What can you do to protect your pet?
- Never leave your pets outside without fresh, cool water and shade.
- Never leave your pets in the car unattended for even a few minutes. Temperatures within a care can soar to 140 degrees in no time on a hot summer day.
- Never take brachycephalic breeds out during the heat of the day.
- Never chain your pet up outside where the chain might prevent access to water or shade.
What should you do if you suspect heat stress/stroke?
- You should have a digital thermometer in your pet medical kit. Become familiar with taking a rectal temperature with it. (Coat the tip with Vaseline or KY jelly and insert it in approximately2 to 3 inches, press the button and wait for the machine to beep)

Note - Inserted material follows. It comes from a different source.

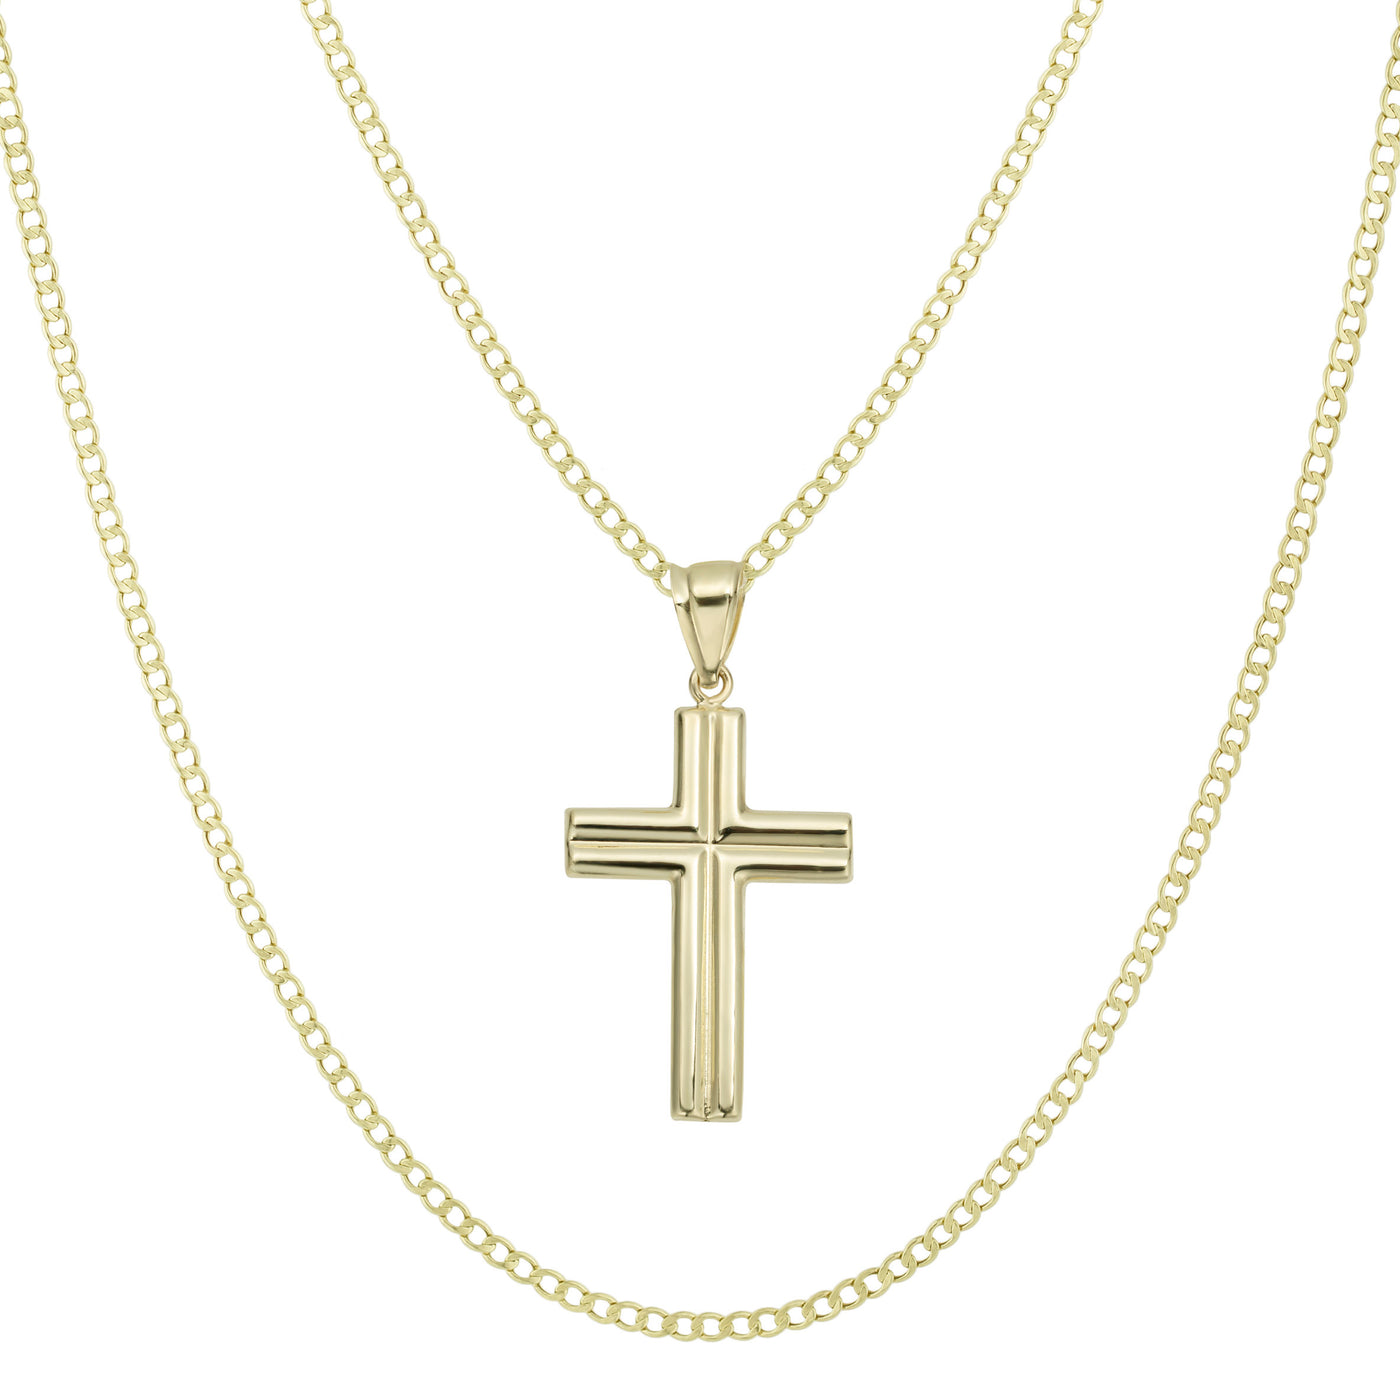 1 3/4" Jesus Crucifix Cross Pendant & Chain Necklace Set 10K Yellow White Gold

- If the temperature is between 103.5 and 104, cool your pets head with water, take him inside (preferably in air conditioned space) and offer small amounts (1/2 cup of water or preferably pedialyte or gatorade) every 5 minutes. If you give too much water too fast, you may cause vomiting or gastric bloat.
- If the temperature is over 104 and under 105 and your pet is still able to walk, take a hose and wet the entire body. If a tub is available, it may be better to place your pet in the tub for cooling. Offer water, pedialyte, or gatorade as above. Check the body temperature and when it hits 103, take your pet out of the water and lightly towel dry. The body will continue to cool down from there. If it goes below 99, use a hair dryer on medium heat to dry the fur. Call your veterinarian for advice on whether further treatment is indicated
- If the temperature is over 105 and your pet is unconscious or seizuring, soak the whole body, add ice packs to the head region. Rush your wet pet into the vet’s office. At this point, intravenous fluids and other aggressive measures are needed to help protect your pet.
Other heat related problems
Every summer we see a rash of dogs coming in with burned paws from running on the street during the heat of the day. If you’ve ever tried to walk on concrete or asphalt on a 100 degree day, you know that you can burn your feet in a heartbeat. Dogs that are accustomed to walking on concrete all the time build up hard callous which helps protect them. But pets who are on grass or in the house most of the day are prone to blistering their foot pads on the hot roads. This is particularly true of puppies who have not had enough time to develop calluses.
To help protect them, take your walks/runs only in the early AM or early evening hours. Feel the sidewalk before starting out and see if it is dangerously hot.
Solar radiation problems
Pets can get sunburn too! Mostly this occurs in white coated or pale coated breeds. The areas affected often include the eyelids and nose (in non pigmented pets) and the underbelly (where there is less hair). Unfortunately, with continued exposure, it is common for pets to develop skin cancer (squamous cell carcinoma). This cancer may first appear as red ulcerated spots and then develop into more raised tumors. Squamous Cell carcinoma is an aggressive tumor which invades deeply into the adjacent tissues. It can also spread to other parts of the body (metastasize) via the lymph system or blood system. Early detection and surgical excision gives the best long term prognosis for these pets.